- Born: c. 1860 Virginia
- Died: July 1, 1933 Washington, D.C., U.S.
- Occupation(s): Journalist, Clerk

= Walter J. Singleton =

American journalist and civil servant (1860–1933)

Walter J. Singleton was a significant African American journalist, civil rights advocate, and government clerk, particularly active during the late 19th and early 20th centuries. He was born around 1860 in Virginia and later moved to Omaha, Nebraska, where he made his mark as a journalist and editor for Omaha Progress, a prominent Black-owned newspaper. Singleton’s work focused on addressing racial and social issues of his time, giving a voice to African Americans and highlighting their struggles and achievements. His involvement in the Afro-American League, a forerunner to the NAACP, underscores his commitment to racial equality; through this organization, Singleton worked to promote the rights and welfare of African Americans.
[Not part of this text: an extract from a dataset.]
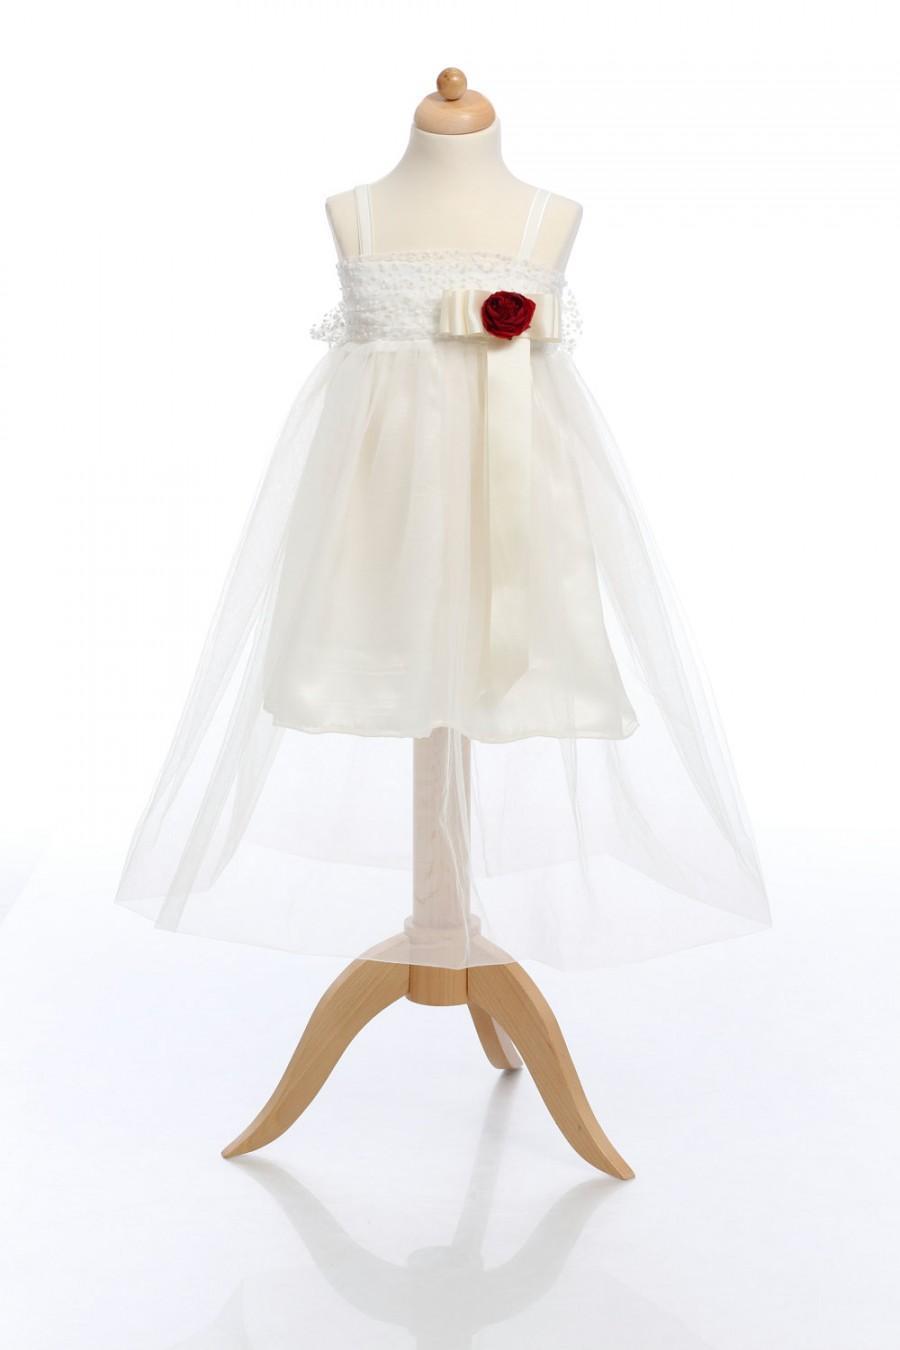 Mariage - Ivory Girl Dress, Baby Girl Dress, Ivory Tulle Dress, Toddler Dress, Fairy Tutu Dress, Christening Dress, Birthday Dress, Communion Kid

After establishing his reputation in Nebraska, Singleton moved to Washington, D.C., where he took on roles within the Department of War. In addition to his clerical work, he actively participated in various intellectual and social clubs, including the Mu-So-Lit Club, a group representing the capital's musical, social, and literary professionals. He also contributed to initiatives aimed at dismantling racial segregation, including supporting legislation against Jim Crow laws. Singleton held leadership roles in community organizations like the Young Men's Protective League and the Banneker Relief Association, which provided financial support and burial assistance to impoverished African Americans. Until his death in 1933, Singleton remained a powerful advocate for African American rights, a respected public servant, and a vital figure in Washington, D.C.'s Black community.

==Life==
Walter J. Singleton was born in Virginia near Washington, DC in about 1860. He married Minnie B. Green, daughter of Johnson Green and Mary Jane Bradshaw. In the 1880s, he moved with his brother, Millard F. Singleton, to Omaha, Nebraska. He died July 1, 1933.

==Career==

===Omaha===
In Nebraska, he was active in state politics. He was associated with the states first black legislator, M. O. Rickets, and in 1890, he helped form a Nebraska branch of the Afro-American League in Omaha, where he was an officer He was an editor of the black paper, Omaha Progress founded by Ferdinand L. Barnett.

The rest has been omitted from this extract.